About eighty percent of kindergarten teachers had exposure of first aid requiring cases. The number and type of first aid cases encountered by teaches varied. Slightly majority of teachers faced three and more different cases. As whole, proportion of kindergarten teachers who perform required activities for each case is very few. This indicates that majority of first aid care were not delivered for children. Likewise, study conducted in Sri Lanka, overall mean ±SD value that was scored for the practices section was 4.53±1.48 out of 10 scores. Only few individuals were able to obtain scores above mean in practice question [30]. Majority of practices were non scientific and traditionally transferred from family. For instance, in study conducted in Zimbabwe, caregivers’ major practice for burn was mainly cooling the burn injury with cold running water; some caregivers also applied eggs, margarine and traditional herbs [26].

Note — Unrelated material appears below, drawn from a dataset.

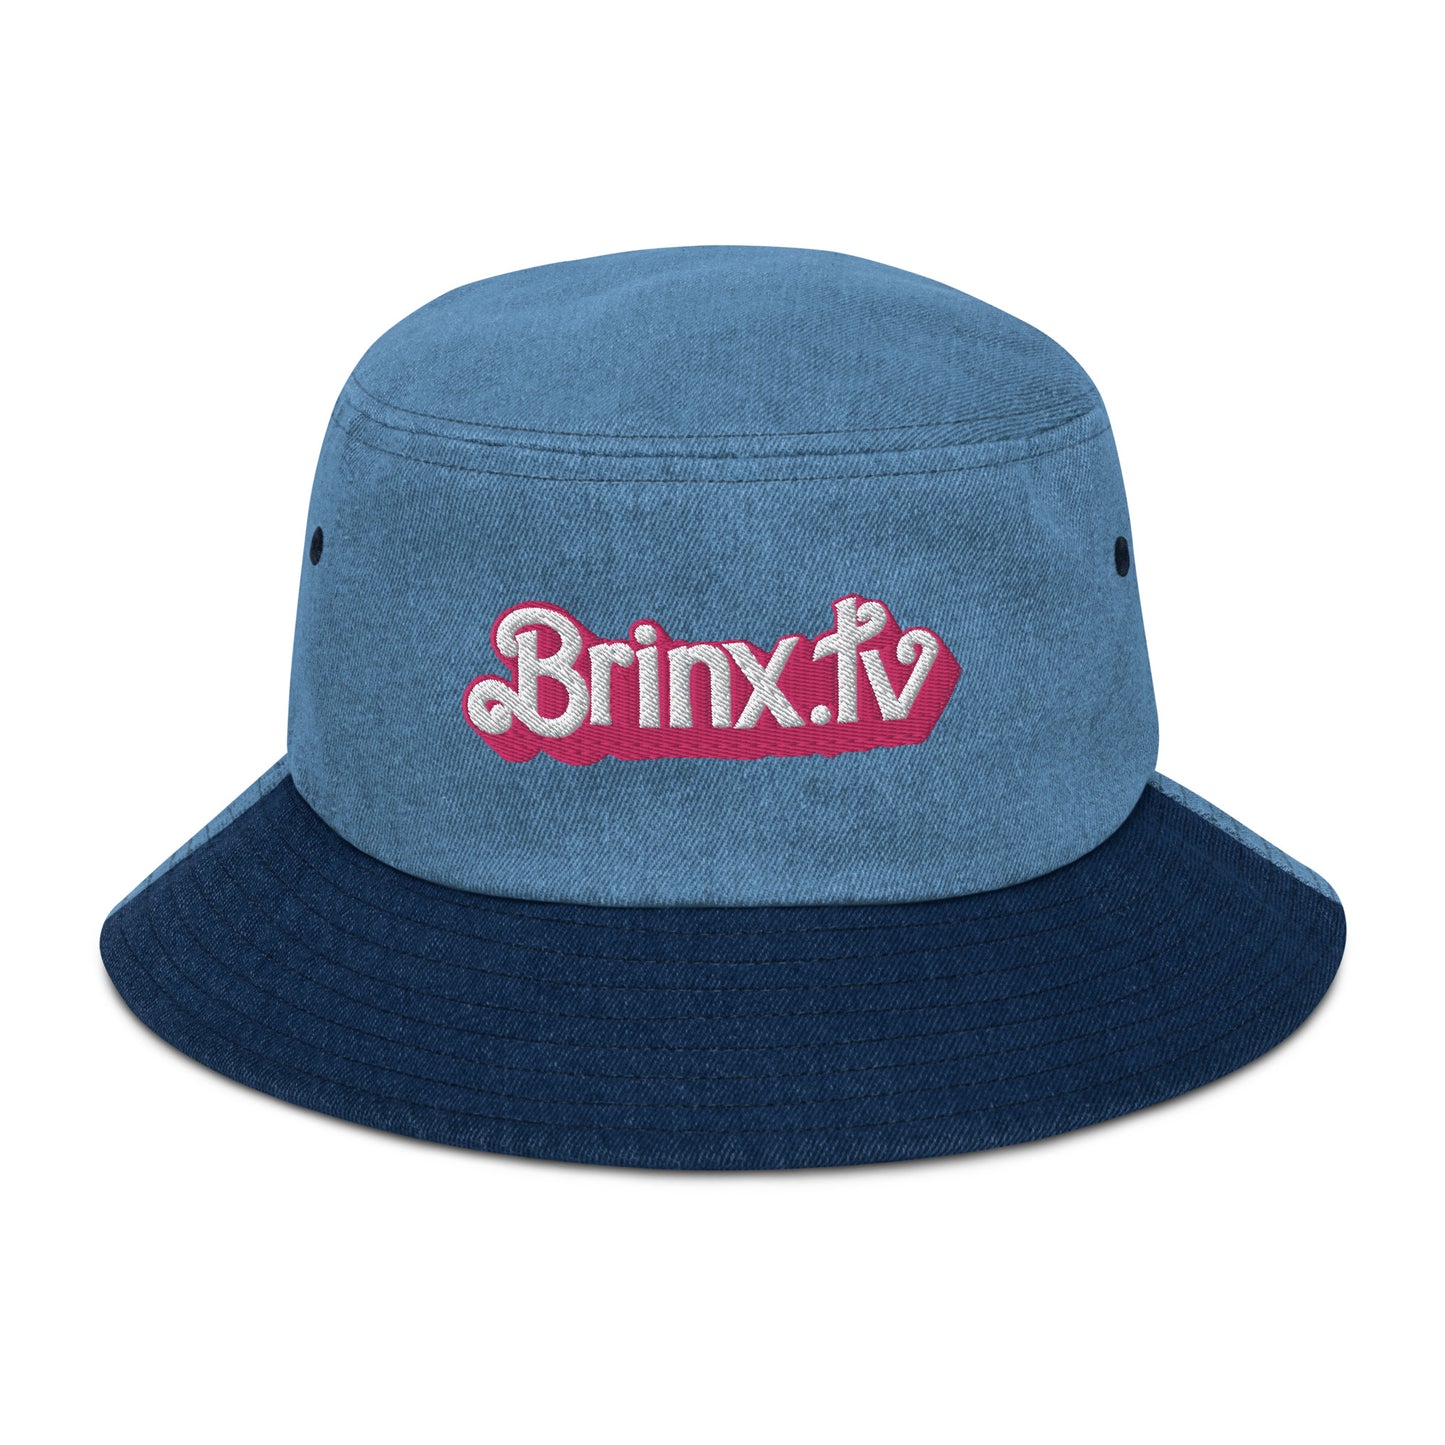 BRINX.TV is PINK

This study has a number of limitations. One of the limitations is bias occurred as a result of study design (cross-sectional), because the study takes information at specified time-points and cause and effect association cannot be studied. Although different reducing mechanisms were used, social desirability bias is the other potential limitations of this study. Recall bias and selection bias due to small sample size can be observed. Other limitation was absence of uniformity and variation in type of first aid requiring cases, results difficulty in assessment of factors associated with practice of participant. Since our study was conducted in limited study area, representativeness and generalizability of the study result may be compromised. Finally, lack of sufficient similar study made limit comparison with other study. To reduce these potential bias different mechanisms were used. Some of these are performing pre-test before actual data collection. To obtain genuine response, the aim of the study was discussed with respondents, and to reduce recall bias, the recall period was reduced to previous 12 months.

Conclusion

The knowledge of kindergarten teachers towards first aid is found to be low in spite of almost of the respondents had positive attitude towards first aid. Majority of the respondents exposed to children in need of first aid and practice of kindergartners was mostly not in line standards. Having more than five years services, teachers with older age, having previous first aid training, obtaining fist aid information from health professional or health institutes, and working in private kindergarten were significantly associated with first aid knowledge. Similarly, attitude of kindergartners were associated with more than five years experience, type of kindergarten, previous first aid training, and exposure first aid requiring cases. It would be better if schools have a link with health institutions for first aid training and immediate referral in cases of student injury. It would also be better if the ministry of education include first aid course in the kindergarten teachers’ education.

Supporting information

Acknowledgments

The authors thank Madda Walabu University for its unreserved support, follow-up and sponsorship for this study. We are also grateful to Lideta Sub-city, Addis Ababa kindergartens for their assistance during data collection.